日本では元号が平成から令和に変わり、新しい時代を迎えました。
時代の変化とともに車も新しい製品がどんどん登場してきています。

しかし、時代を重ねても色褪せない魅力を持ち合わせた旧車も多く存在するものです。
今回は、魅力溢れるヴィンテージもののひとつとして、今回は1960年代を代表する旧車をご紹介します。

1960年代はどんな時代?

1960年代は元号でいうと昭和35〜44年にあたります。
当時の日本は、高度経済成長の真っ只中にあり、1964年には東京オリンピックが開催されました。

1960年から、カラーテレビの本放送がはじまります。
最初に登場したカラーテレビはなんと1台50万円もかかるため、冷蔵庫や自動車に並んで憧れの対象とされていました。
NHK連続テレビ小説や大河ドラマの放送開始、大人気なクイズ番組、プロ野球中継など、お茶の間を明るくする存在としてテレビは大活躍しました。

テレビの活躍に並び、車の存在も次第に欠かせないものになってきます。
第二次世界大戦が終局した1946年の日本は、車の生産設備に多大なるダメージを受け、乗用車の生産が禁じられていたため、国産車が走っている姿は見られませんでした。
それが1949年に乗用車の生産が解禁されてからは一気に発展、日産自動車がイギリスから最新の技術を学びながら自動車を生産するなど国産車が大きく成長を遂げました。

1963年には名神高速道路、1968年には東名高速道路ができ、自動車の需要もとても高まります。
東名高速道路ができた同年1968年にGNP(国民総生産)世界2位という記録を残しました。
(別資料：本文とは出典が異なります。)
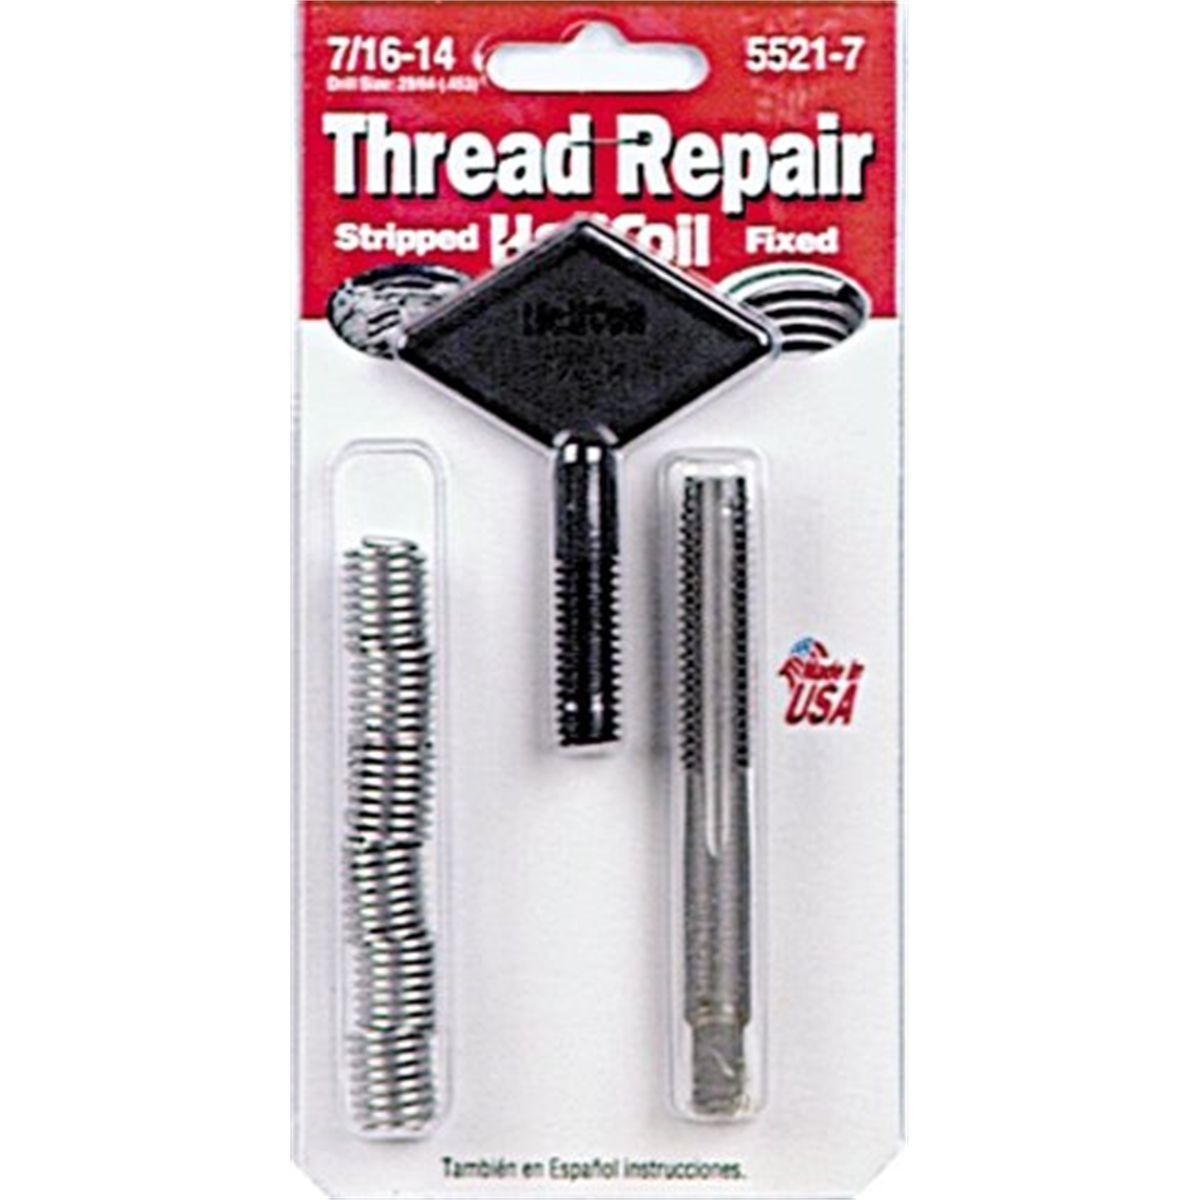 HeliCoil 7/16-20 x .656 Thread Repair Inserts Qty 25

シンプルに自動車が欲しいという需要よりも、より価値のある大きな自動車を求める日本人がどんどん増えていきました。
現在でも世界中で愛されているカローラの初代が1966年にトヨタから誕生しています。
当時は、トヨタ車と日産車が激しい販売競争を繰り広げていました。

さらには、1963年に第1回日本グランプリが開催された影響を受け、国内車の高性能化が促進されます。
1960年代後半には本格的な性能を兼ね備えた国産スポーツカーも生まれました。
ロマン溢れる熱い時代だったといえるでしょう。

1960年代を代表する旧車は?

1960年代は、東京オリンピックの影響もあって自動車の需要が非常に高くGNP2位を記録しています。
今回は、1960年代で人々の憧れとして注目を集めていた自動車たちを1960年代の前半と後半に分けてご紹介していきます。

1960年代前半を代表する旧車

【1960年代前半の旧車】懐かしの旧車をご紹介します!

1960年代前半というと、東京オリンピックが1964年に開催されるなど、自動車の需要が非常に高かった時代です。
価値のある乗用車が求められた時代でもあり、非常に希少な乗用車も産まれました。
スポーツカーも製造されましたが、当時はまだ技術がなかったために、工夫を凝らしている面も見受けられます。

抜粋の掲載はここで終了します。